BILL MOYERS: What I take away from Jane Mayer's book, DARK MONEY and from your report, THE BILLIONAIRE BEHIND EFFORTS TO KILL THE U.S. POSTAL SERVICE is that it was a well-coordinated and a well-financed movement to try to turn much of the American government over to private, for-profit organizations, corporations in particular.
LISA GRAVES: What's really surprising in a way about the way they were able to construct this was that, if you recall, during the Bush administration, the economy had crashed in a cascade leading up to a massive financial crisis in September of 2008. And at that time, there was a clamoring for controls on Wall Street, for efforts to rein Wall Street in, because it had really gambled extensively. And so there was a push for reform. And Obama won in part based on his desire to redress Wall Street. To hold these companies accountable, to rebuild our economy. And what Charles Koch and his operations were able to do was to turn the anger from Wall Street toward the government, to blame the government for that crisis, rather than to blame the big banks. Americans for Prosperity lobbied extensively against the financial reform package that the Democrats were trying to put through in Congress to try to prevent another meltdown like that from happening again.

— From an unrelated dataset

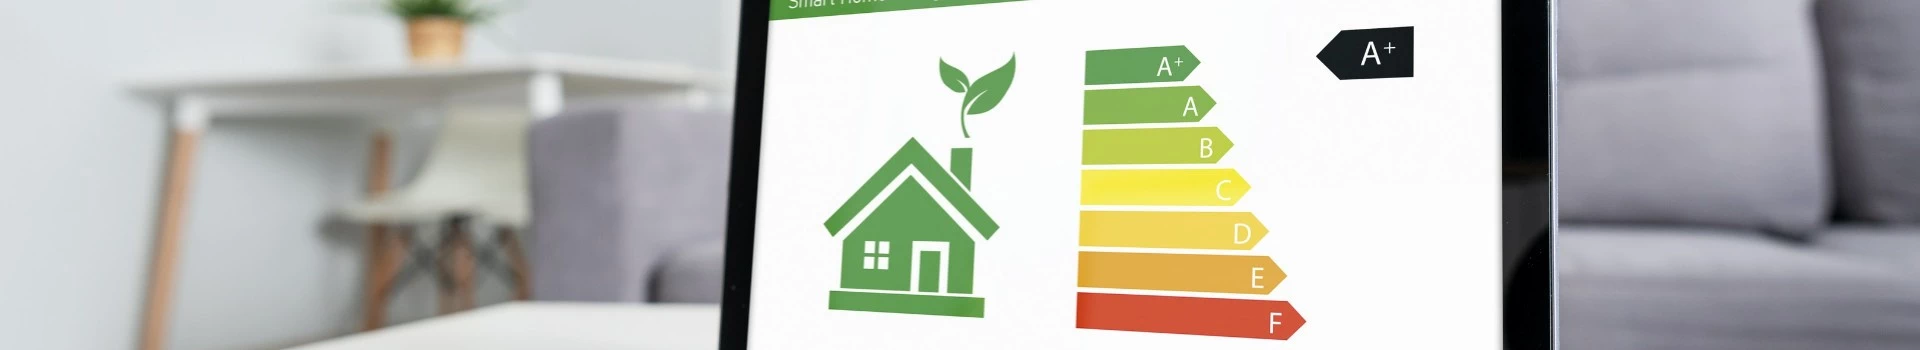 banner - ekran z oznaczeniami energooszczędności domu

BILL MOYERS: At the risk of repeating myself, let me sum up. It's no longer just Koch's cause- shutting down the Postal Service, privatizing it, eliminating universal service. These have become open Republican priorities, right?
LISA GRAVES: Yes. Open in the sense that you can see the obstruction happening. The Senate under Mitch McConnell has refused to take action to provide funding. There's this force for privatization. And in fact, Charles Koch's Americans for Prosperity has been running ads this summer against senators to urge them not to provide funding for the Postal Service. But at the same time, you have these predatory capitalists who would be eager to have the Postal Service fail and have the profitable lines to go to private businesses.